Masters vs DNP?

Updated:   Published

Trying to choose between two programs and debating the MSN vs DNP route. Anyone have any insight on pros/cons to both?

Masters is way cheaper and you can always go back for your doctorate after working.. but also wondering if there is going to be a higher demand to hire DNP CRNA’s over masters prepares CRNAS.. any insight there? Thanks in advance!

Specializes in CRNA.

AACN is not an accreditor, so cannot mandate educational requirements. They were the first to publish a position statement that all APRN programs should be at the practice doctorate level. The COA is the first, and so far only, accrediting body to require the doctoral degree. Many NP programs are DNP, but it’s not required.

Specializes in anesthesiology.

I would go MSN all the way. A lot of DNP programs will allow you to work while completing the DNP portion upfront, so it makes it more palatable. But I don't think you're missing out on any job opportunities. The programs I'm most familiar with in my area that are DNP and used to be MSN just added a bunch of discussion board posts and paper writing. It's more expensive and adds no clinical value. I understand it from a political perspective though, but practically speaking I think it's pretty worthless. (Think BSN vs. ADN).

Specializes in anesthesiology.
On 10/11/2019 at 4:39 PM, BigPappaCRNA said:

Sorry, but this is your very first post, and you seem to "know" an awful lot. Your entire post reads like a Troll to me. Your logic and reasoning for your #1 is so painful, torturous, and illogical. It reads like and MDA troll to me.

If an MDA ever trolled allnurses.com that would be one helluva pitiful MDA. Much better places to troll CRNAs.

Specializes in Psychiatric and Mental Health NP (PMHNP).

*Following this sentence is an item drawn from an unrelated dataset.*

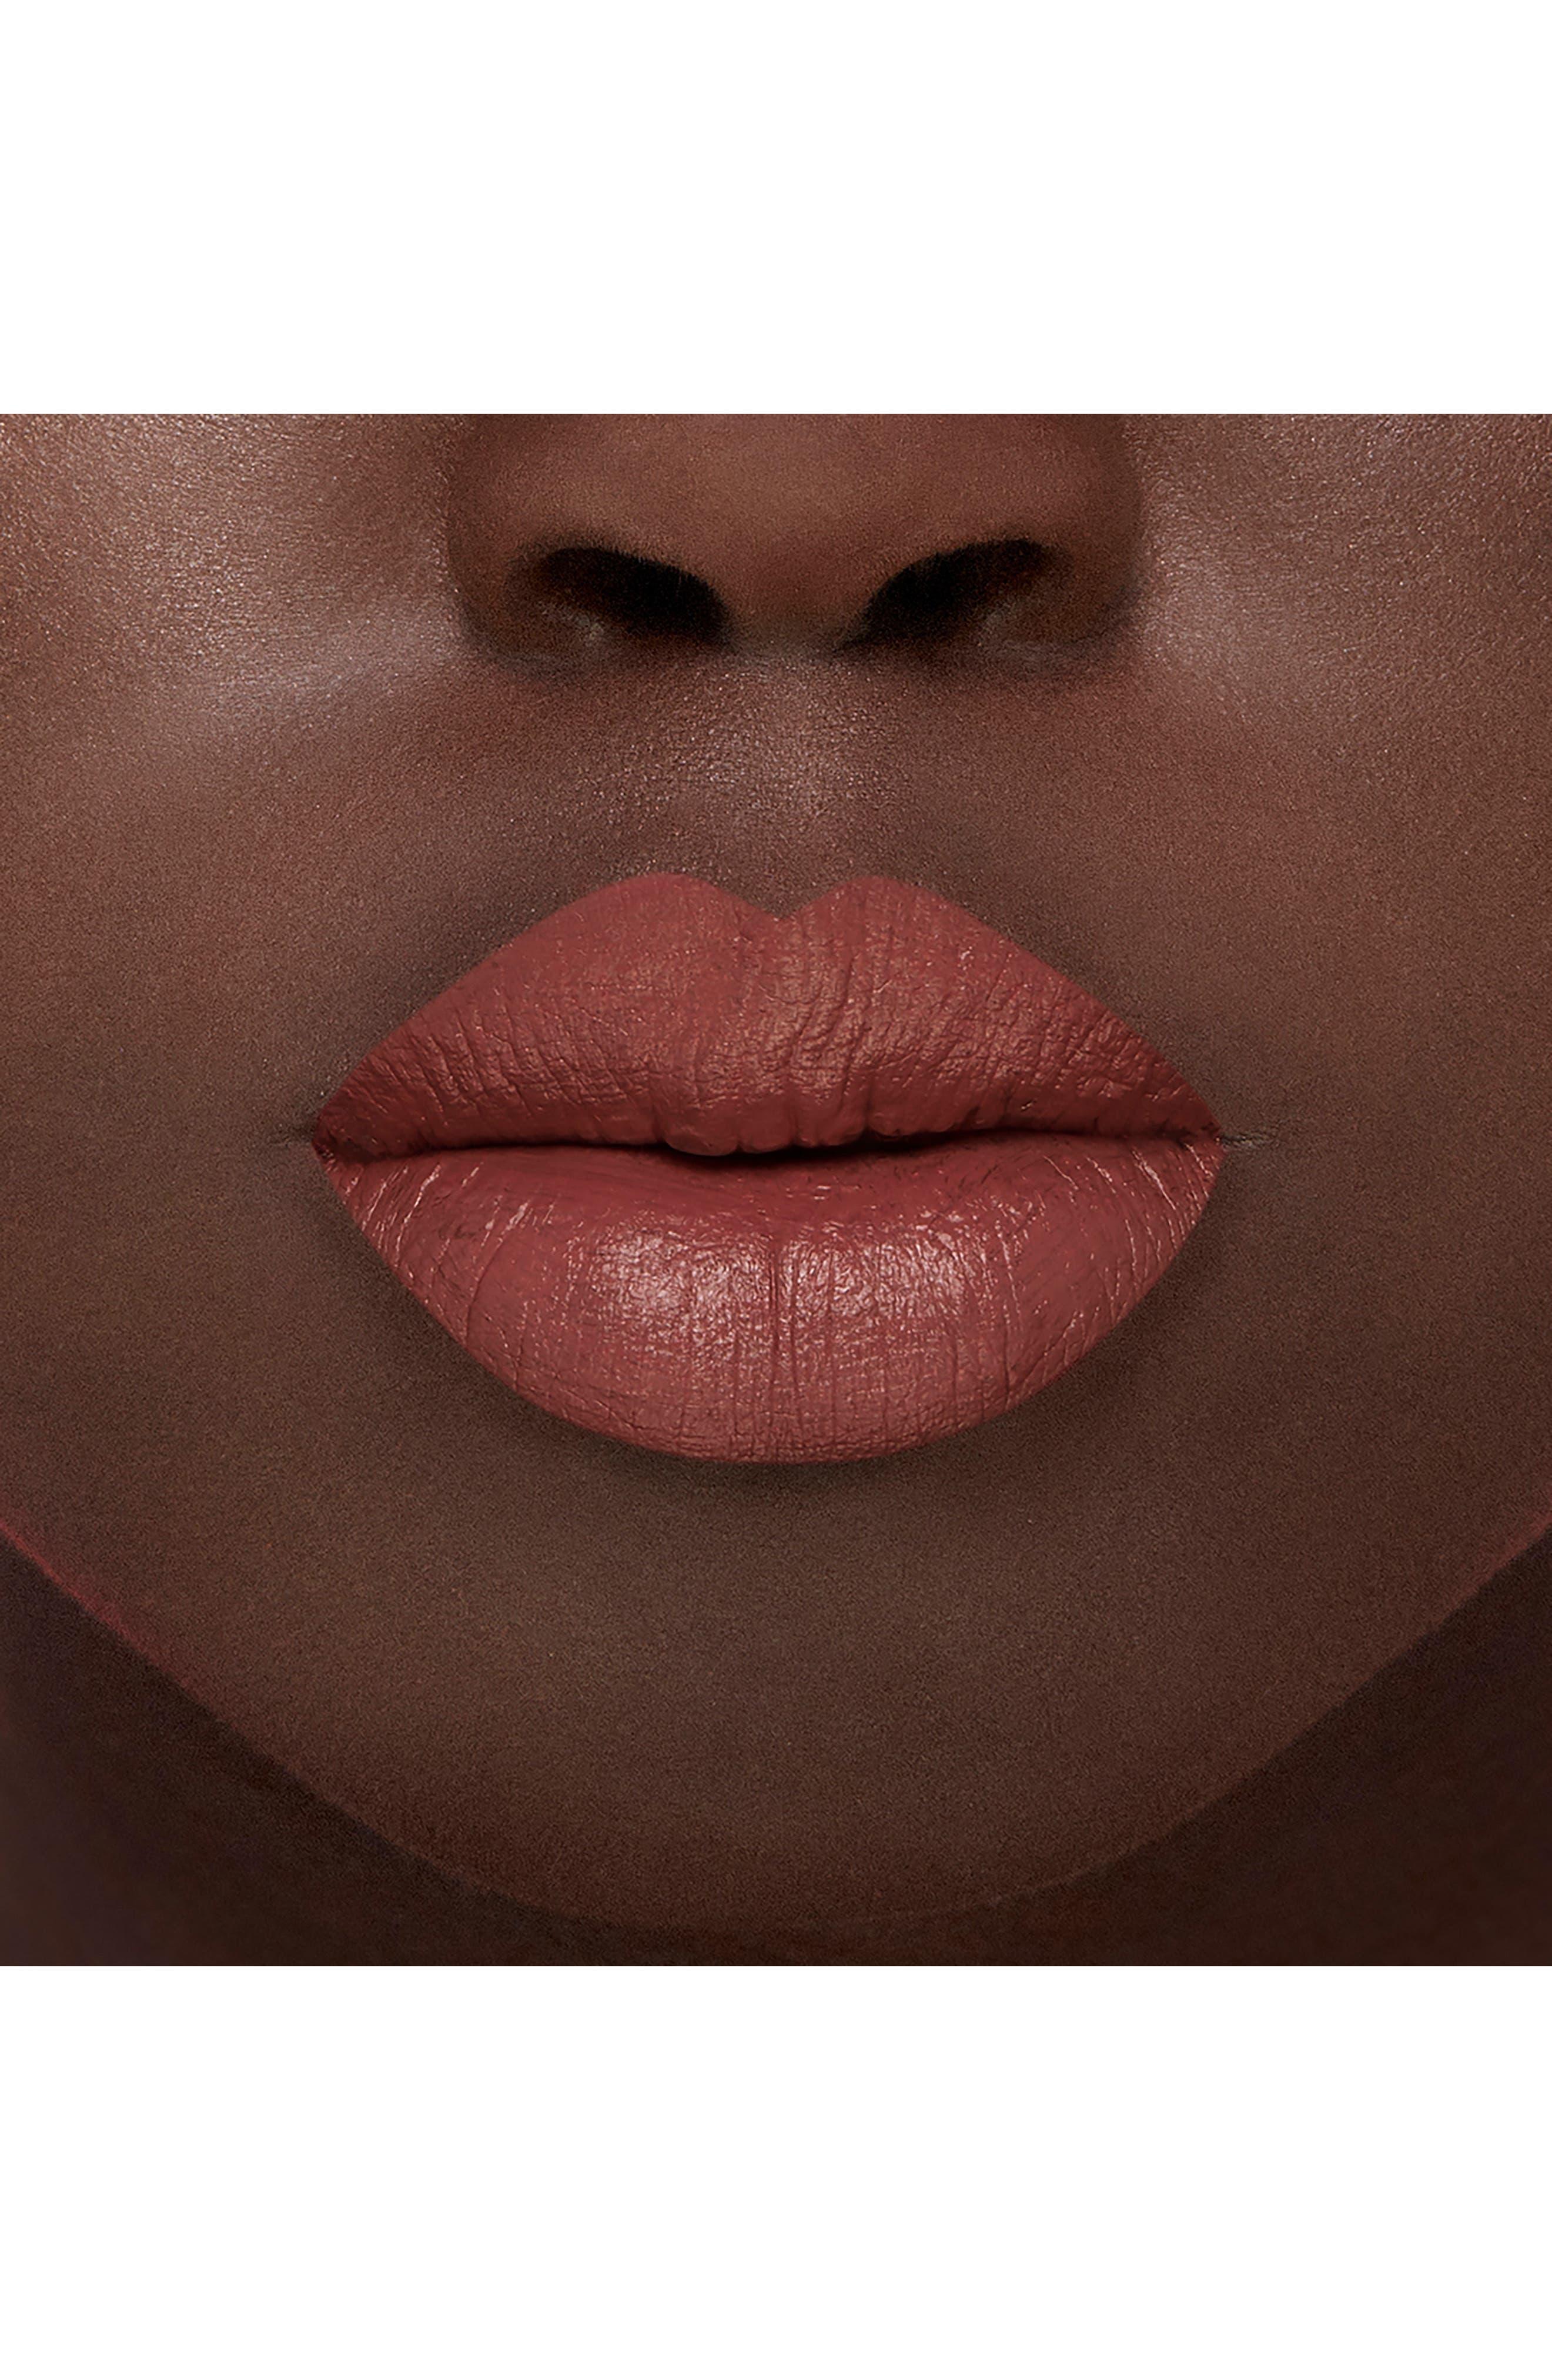 KARL LAGERFELD + MODELCO Kiss Me Karl Lip Lights Lipstick,                             Alternate thumbnail 5, color,                             200

Just recently graduated from Hopkins, which is moving to all-DNP. However, my professors said it makes more sense to get the MSN, start working as an NP, then go to school part time to get the DNP, if you want. At this point, there is no advantage to having a DNP for employment purposes and it will be a long time, if ever, before it there is an advantage to the DNP. Many areas of the country are all ready short of providers, so jacking up requirements makes no sense.

Financially, if you can afford to get the DNP now, go for it if that's what you want.

Specializes in Critical Care.

@BigPappaCRNA wow, I felt I would meet you half way and at least admit that it sounds a little trolley. I will tell you the exact reason I posted for the first time, maybe this will make you feel better or realize that I am not an MDA. I would not even both to do this but now that I am familiar with the site it might be a place that I would like to return to in the future to interact with the forum's users:

1) I am not a social media person and in the past was not a forums person. My coworker was using the site and she happened to click on this thread, and I was looking over her shoulder and was like "whhoa whoa wait, go back." I felt I had to respond and thus created a response. #2 will explain why the topic piqued my interest

2) I volunteer extensively, giving hours of pro bono advice to high school seniors preparing to attend college, college students, and masters/DNP/JD/MD/PhD/PA-C students who are trying to decide how best to prepare for the debt they may incur or how to manage the debt they have already incurred. It is a commitment I have made because my background in wealth management and the financial services field, prior to nursing, has given me the skills and knowledge to help people with something unrelated to Healthcare. It may seem odd but I am really passionate about keeping younger people and families out of debt. My spouse had a ton of debt prior to us meeting and we've struggled a lot because of it.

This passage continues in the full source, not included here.